There’s a lot to think about in Warrior II, and the body is working hard for you. Remember to keep the breath steady and strong to infuse this pose with energy. If the muscles tire, the breath can take over and keep you strong and focused.

Have fun!

Pose of the Week: Extended Side Angle

Happy Monday and welcome to the first installment of our new Pose of the Week series, where we select a single yoga pose and break it down, explain correct form and its benefits for athletes.

This week’s pose: Extended Side Angle
Utthita Parsvakonasana
(oo-TEE-tah parsh-vah-cone-AHS-anna)
utthita = extended
parsva = side, flank
kona = angle

Extended Side Angle

Extended Side Angle with lower arm on the thigh.

Getting into the Pose

From Mountain Pose, step the left foot back, creating a leg’s length stance wide on the mat. Right foot is perpendicular to the top

edge of the mat. Left foot is firmly planted into the mat and turned out about 45 degrees. Hips are square to the side. Tailbone is tucked and belly button is pulled in toward the spine.

Stretch the arms out long, palms face down, with shoulders stacked above the hips. Roll the shoulders down and reach the fingertips to opposite walls.

Bend the right knee and sink the hips straight down toward the ground.

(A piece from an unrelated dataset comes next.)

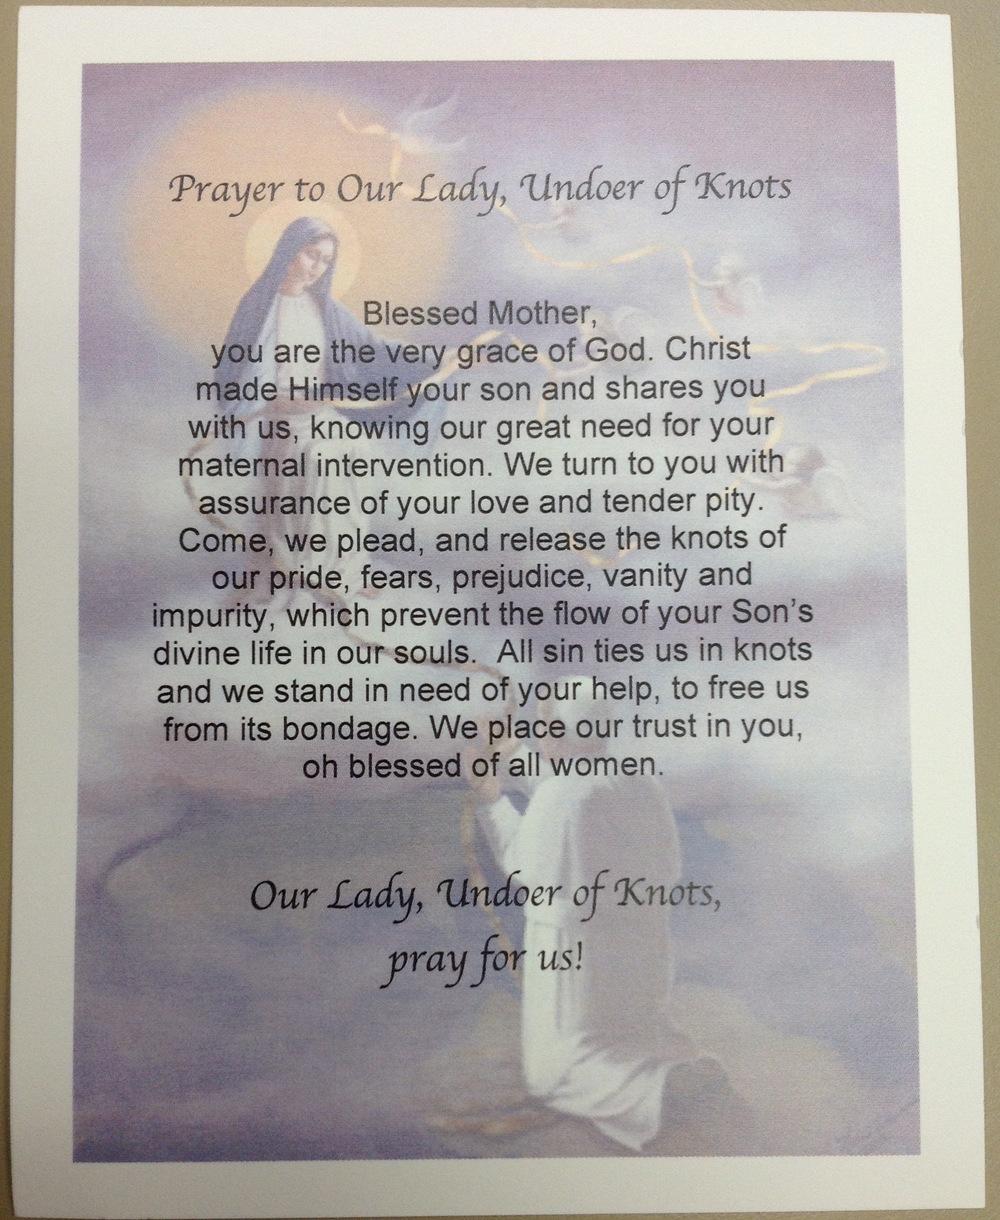 Undoer of Knots Prayer.jpg

Draw the right elbow down to meet the right thigh and extend the left arm up toward the sky.

Continue to sink the hips as you press evenly through the back leg, connecting to the outer edge of the back foot.

Extended Side Angle 2

Deepen the pose by lowering the bottom arm to the ground on the inside of the front foot.

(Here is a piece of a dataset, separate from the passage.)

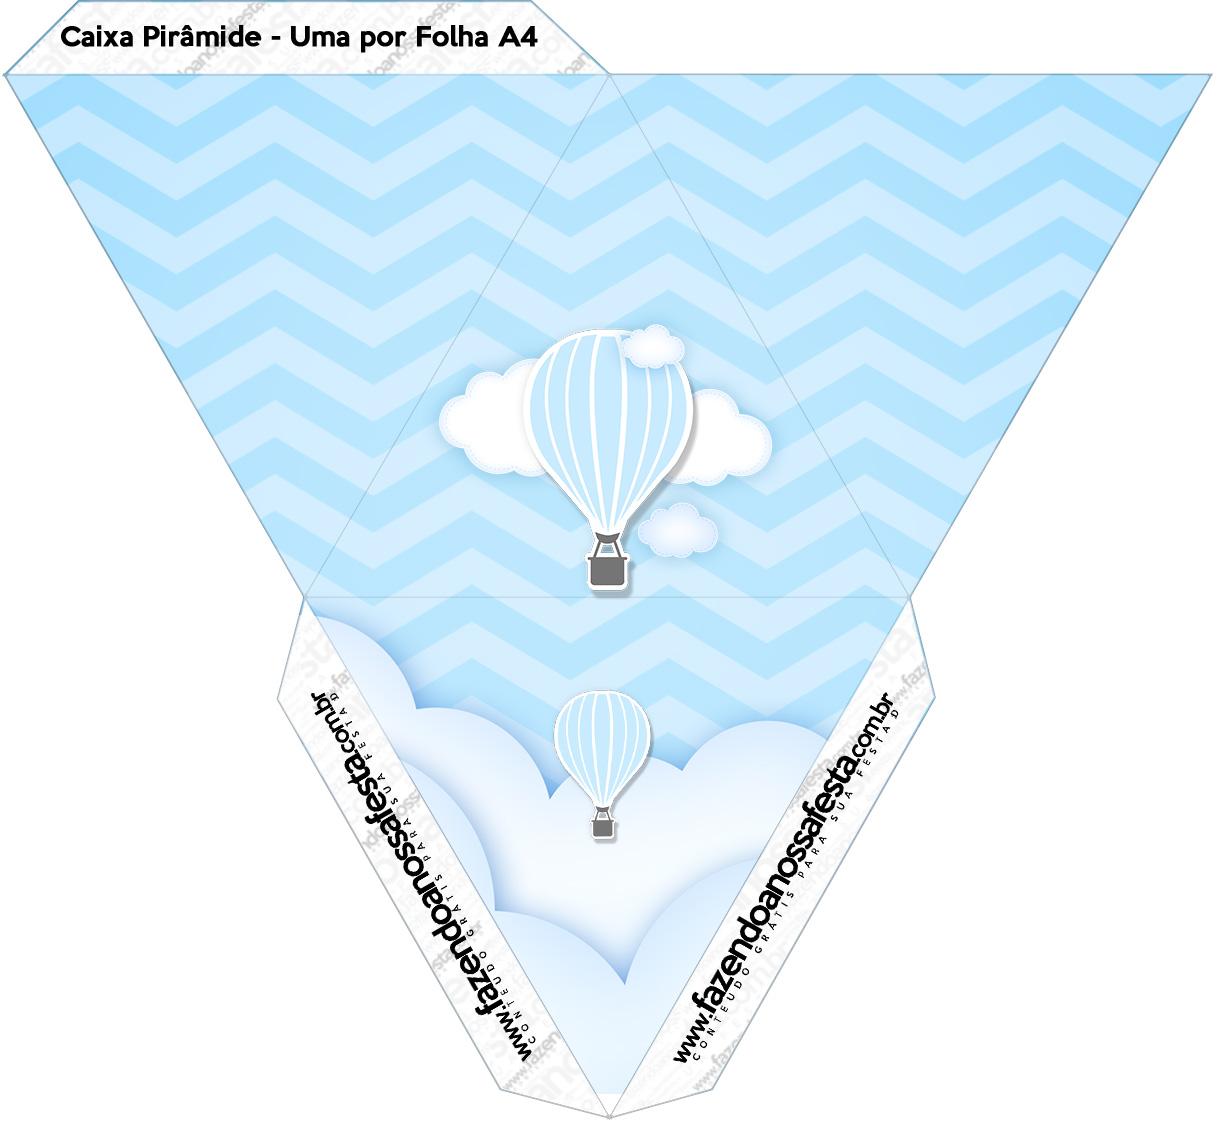 Caixa Piramide Balão de Ar Quente Azul

Deepen the pose by releasing the right hand to the ground on the inside of the right leg. A block or a thick book can be used as a prop here to meet your hand halfway between your thigh and the ground.

Hold and breathe for up to a minute, continuing to sink the tailbone toward the ground and reaching the upper body toward the sky.

Think about stretching in all four directions, feeling lightness and breathing into the pose.

Benefits for Athletes

  • Opens hips
  • Opens shoulders
  • Opens chest
  • Strengthens legs
  • Strengthens back
  • Strengthens abdominals
  • Stretches inner thighs and hamstrings

Common Misalignments & Tips to Keep Good Form

  • Knee moves beyond the ankle or to ether side of the foot and out of line with the middle toes.
    Press the front foot evenly into the ground to feel the center of the food. Gaze down to make sure your knee is in direct alignment with your middle toes.
  • Back foot lifts up.
    Brace the back heel against a wall and as you lower down, imagine pressing the wall away from you. Begin to feel the fullness of the foot connected to the ground.
  • Upper body collapses into the leg or into the ground and the integrity of the pose falls.
    Imagine your back side is glued to a wall. The shoulders are stacked directly above the hips and you are in one long line. As you bend the front knee, allow the upper body to stay in this straight, long line. Reach toward the ceiling and engage your abdominal muscles to keep you strong and lifted. Draw your shoulder blades together. Begin to rotate your chest toward the sky.

The body should be warm before getting into this pose, so complete five to 10 rounds of sun salutations prior, or get into the pose following a workout.